En somme, le contexte fait que les notes décernées aux gouvernements par les agences de notation deviennent de plus en plus ce qu'elles devraient être : une opinion parmi d'autres. C'est qu'il n'y a pas de manière scientifique de déterminer la solvabilité d'un Etat. Pour un particulier ou une entreprise, il y a une règle: si ses actifs et ses revenus ne permettent pas de payer la charge de la dette, il est insolvable. Mais un Etat peut augmenter ses revenus (en augmentant les impôts) ou son patrimoine (en saisissant le patrimoine disponible dans le pays). Bien sûr, il ne le fera que si le coût politique que cela représente pour lui est inférieur à l'intérêt de continuer de payer sa dette. Personne n'aurait imaginé, en 1998, que la Russie devait vendre les tableaux du musée de l'Hermitage pour payer ses dettes; personne ne suggère que la Grèce devrait vendre le Parthénon pour payer la sienne. La capacité d'un gouvernement à payer sa dette ne dépend pas de facteurs économiques mais de facteurs politiques, extrêmement difficiles à estimer.

Dans ces conditions, les analystes des agences de notation se contentent de suivre l'opinion du marché, en particulier l'évolution des Credit Default-Swaps (les assurances contre le défaut des Etats souverains). Que peuvent-elles apporter de plus, pour des titres que des milliers d'analystes et d'opérateurs de marché scrutent en permanence?
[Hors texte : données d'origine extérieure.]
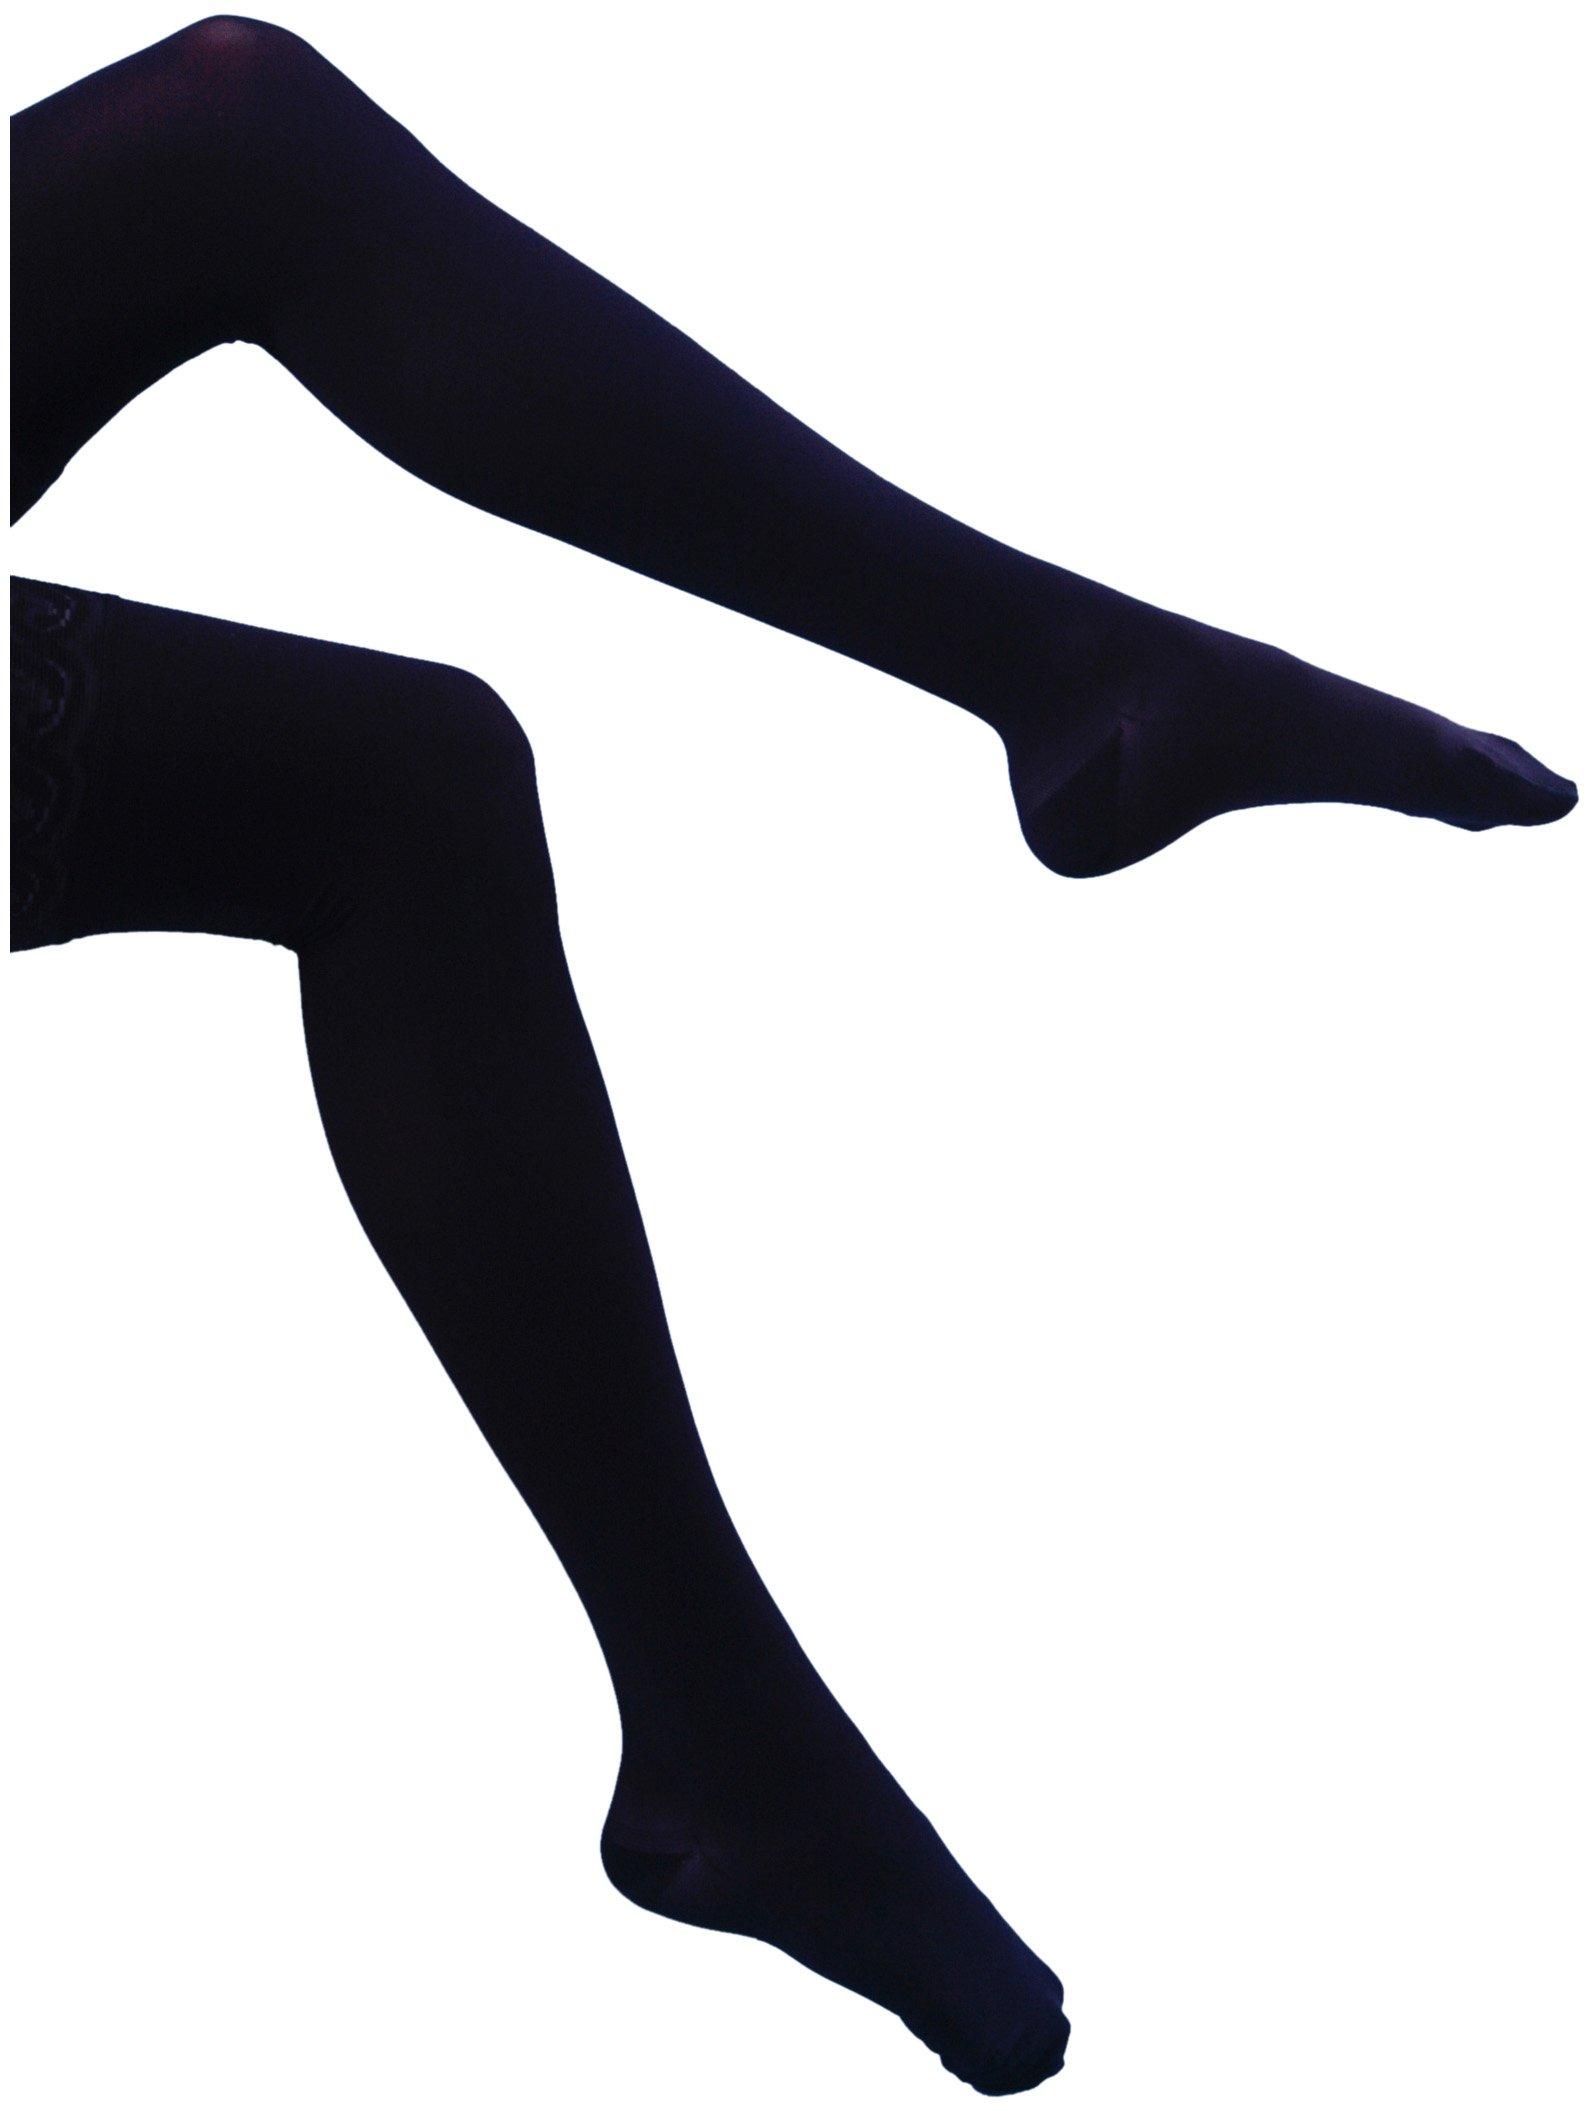 Bauerfeind VenoTrain Micro Maternity Pantyhose (ATU) 20 - 30 mmHg Compression Stockings (Black, Medium Plus Long)

Et agrémentent cela, pour avoir l'air sérieux, de quelques opinions dans la ligne de la pensée conventionnelle du moment. L'avis de Moody's sur la France relève de cette catégorie: les problèmes qu'ils décrivent étaient là il y a 10 ans, période durant laquelle le gouvernement français a conservé sa meilleure note auprès de cette agence. Pourquoi s'en inquiéter maintenant plutôt que l'an dernier, ou l'année prochaine?

C'est que la perte d'influence qu'elles subissent, la perte de crédibilité après qu'elles aient noté triple A les actifs les plus improbables de la période des subprimes, les conduit à chercher les feux de l'actualité. Un peu comme ces starlettes sur le retour qui s'affichent régulièrement avec un nouveau compagnon dans des boîtes de nuit branchées pour refaire la une de la presse people, les agences de notation dégradent les gouvernements pour que l'on continue de leur faire un peu de publicité gratuite. Mais le fait est que les marchés ont accueilli la nouvelle de la dégradation de la note française sans la moindre réaction: la technique fonctionne de moins en moins bien.